There are a large host of cultural problems that cause the orgasm gap. As a society, we tend to overvalue penetrative sex. For most people, sex would mean penis-in-vagina sex or penetrative sex. Contrary to popular belief, a large percentage of females DO NOT orgasm by penetrative sex. And to date, numerous men and women are unaware of the role of the clitoris in sexual pleasure. Only 6% of women orgasm consistently during penile sex. The entire association of pleasure with penetrative sex exclusively glorifies male pleasure. It sadly fails to take into account the sexual needs and pleasure of women.
Most nicknames for clitoris (cunt, pussy, etc.) are used in derogatory and deflating situations. More evidence for our cultural overvaluing of penetration is found in media images. You don’t have to look far to see media images of women having mind-blowing orgasms from intercourse alone. Mainstream porn is also extremely androcentric and hardly ever focuses on women. Hence men and women grow up thinking that sex is an experience pleasurable solely for males.
Pain during sex
Research shows that 30 percent of women report pain during vaginal sex, 72 percent report pain during anal sex, and “large proportions” don’t tell their partners when sex hurts. Have women been encultured to sit through painful sexual experiences quietly? After all, painful sex is not an outlier or an anomaly. A large proportion of women have reported painful experiences or have experienced vaginismus due to their nervous anticipation towards the painful experience. In an interesting article, it was reported that when men said they had ‘bad sex,’ it usually means boring sex; however, when women reported bad sex, they actually meant sex that was painful.
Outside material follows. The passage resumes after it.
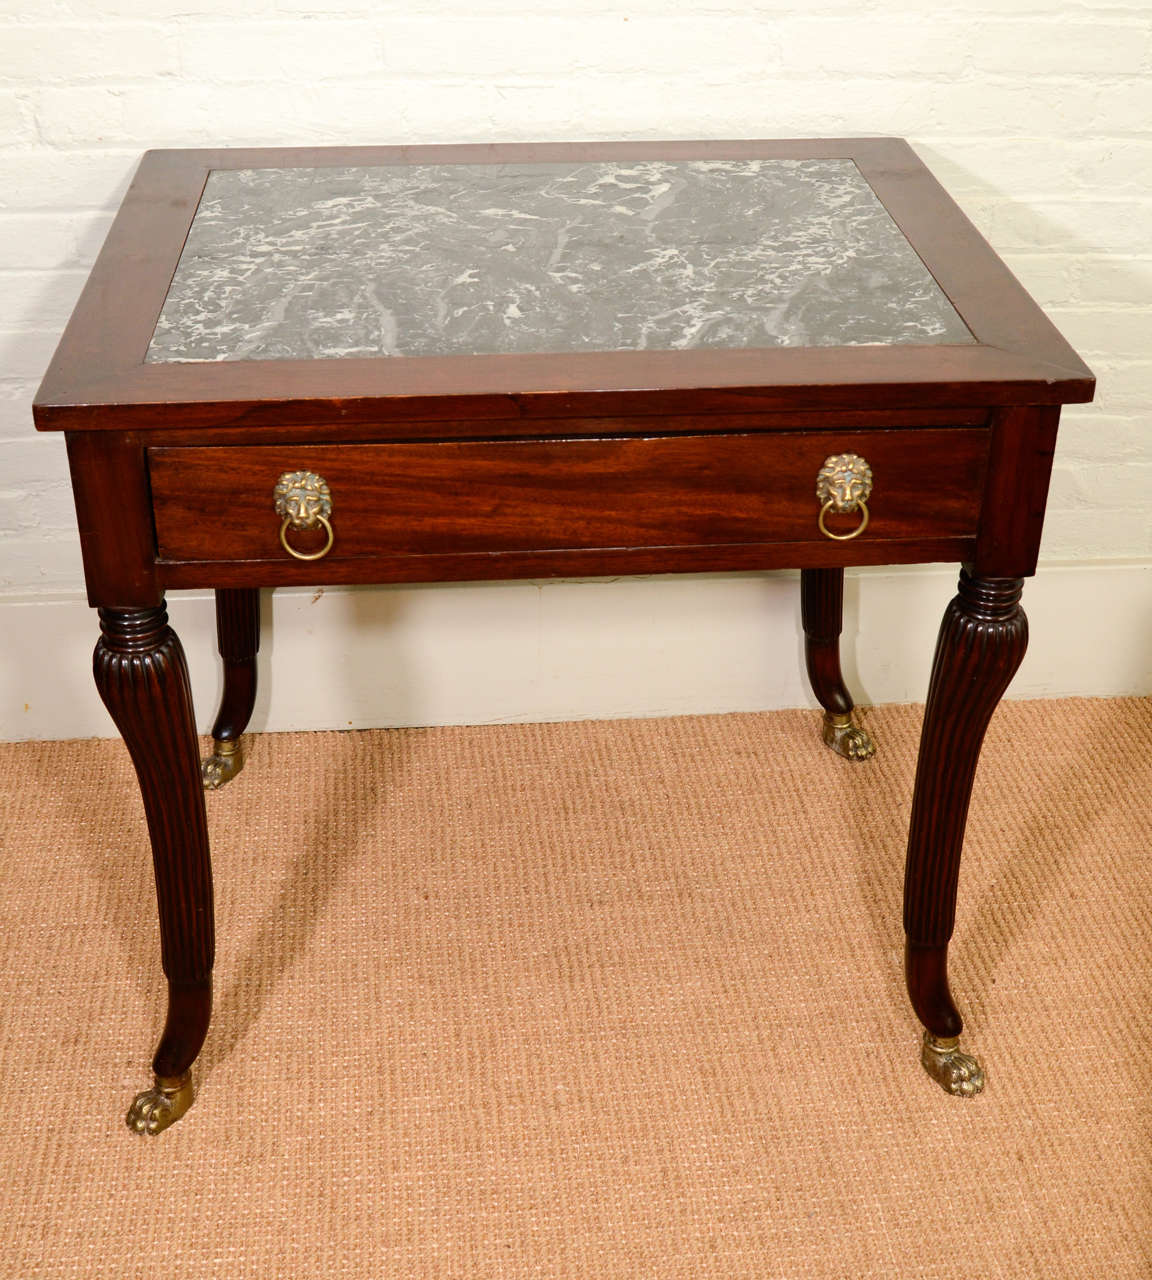 The top inlaid with a variegated grey marble top. The top over a frieze containing a single drawer with two lion's head gilt metal pulls. The table raised on four fluted and turned tapered sabre form legs ending in brass paw feet.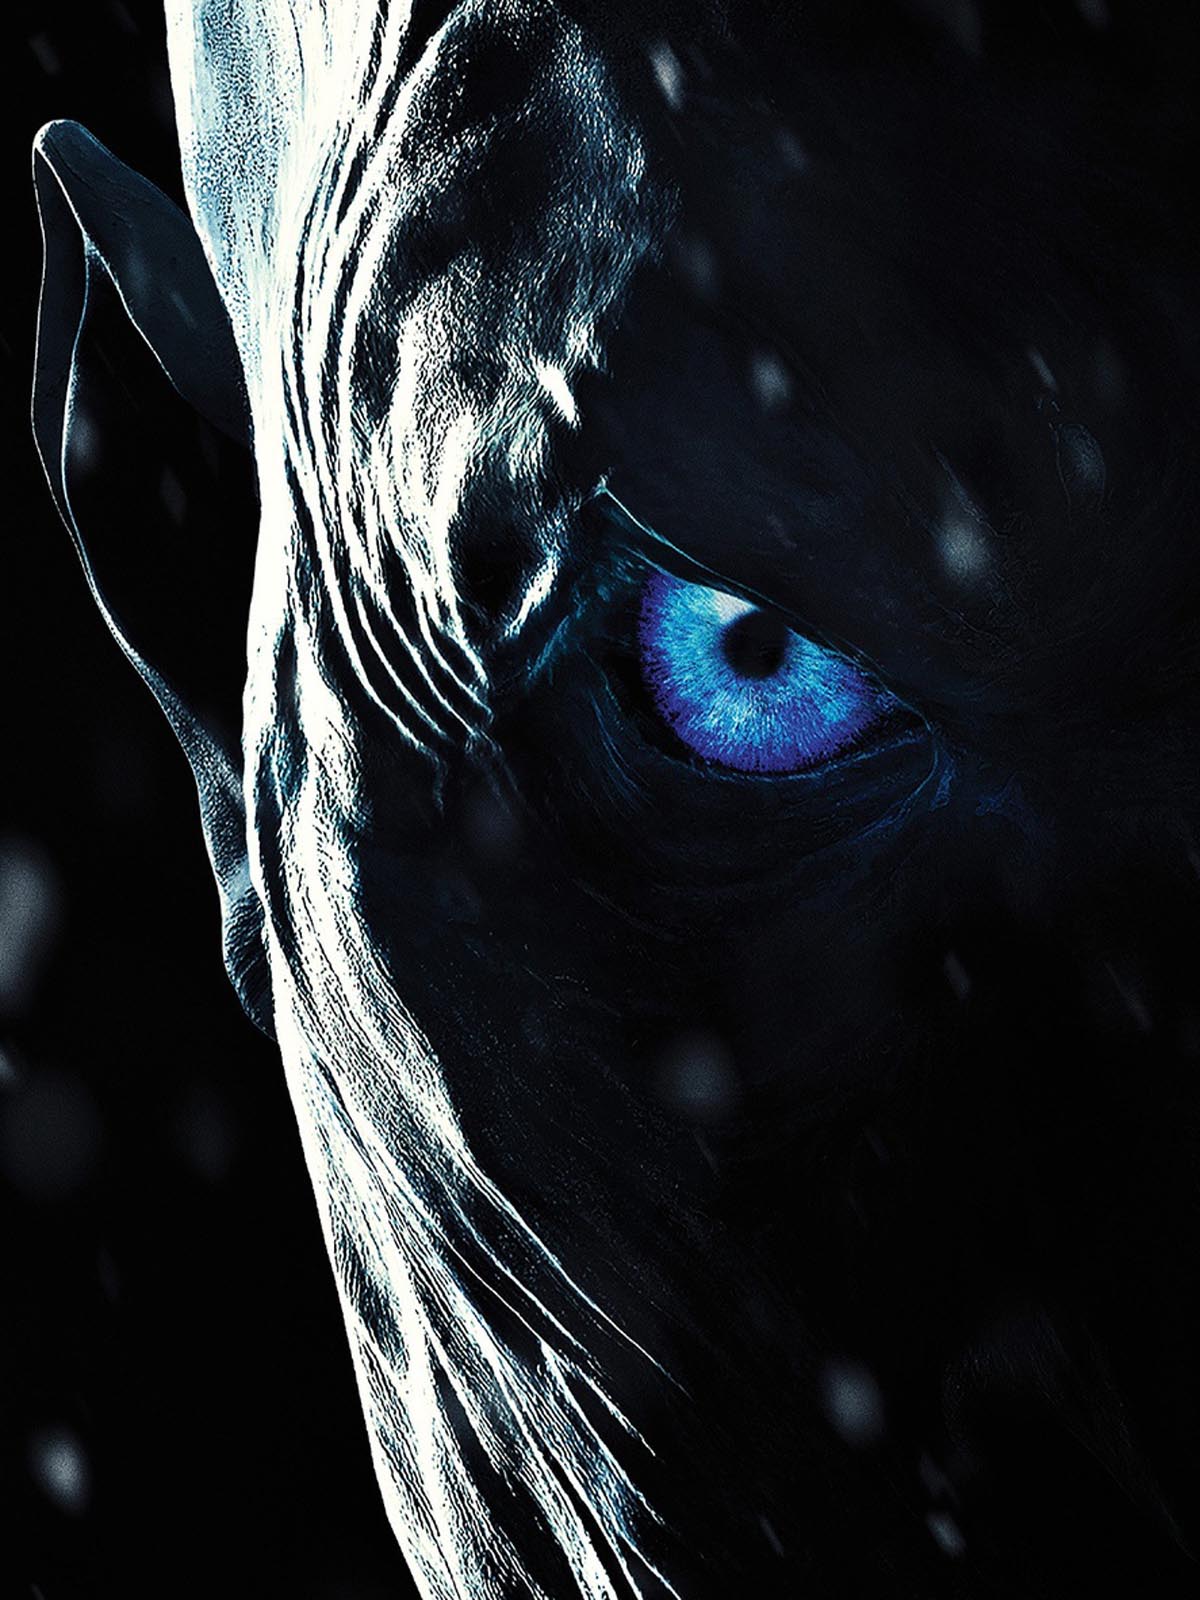 White Walkers In Game Of Thrones 7 4K Ultra HD Mobile Wallpaper

How our culture shapes female pleasure
To further add, our cultural beliefs also impact the science and research that has the potential to help us. The number of trials being conducted to study male sexual problems such as erectile dysfunction is vastly more than studies conducted on female sexual health problems such as vaginismus, vulvodynia, etc.
Women have not been taught to enjoy sexual activity and feel comfortable during sexual activity. Or at least not voice out their discomfort. This discomfort and denial result from years of devaluation and undermining of a female comfort and sexual appetite. This oppression also manifests in low self-esteem and a negative sense of one’s body which often limits one’s comfort and pleasure in bed. ‘Desirable women’ are considered to be those with a small waist and a big butt. However, when this sense of being the ideal, desirable woman clashes with the real self, whose body might mildly or significantly vary from this description, women tend to feel conscious, unaroused, and uncomfortable. This is not just with the contact of another’s skin but also on their own.
Furthermore, for the longest time, I had been left with the assumption that men were the only ones who masturbate or for whom masturbation was normal. You see, historically as well, our culture stigmatizes female pleasure, discouraging women from exploring our sexualities or masturbating. This leads to internalized shame, making it difficult for many women to speak up about what they’re feeling. It doesn’t only just boil down to pleasure. Exploring one’s own body and understanding what one likes helps to further healthy communication, set boundaries, and learn to voice out one’s discomfort.
Conclusion
At every turn, women are taught that their “image” depends on one’s reaction rather than actions of their own. We are not who we think we are; we are who they think we are, right? Combatting cultural stigmas against female pleasure is the main key to bridging the orgasm gap. Fostering healthy conversions and providing comprehensive sexual education is what will drive us to achieve the same.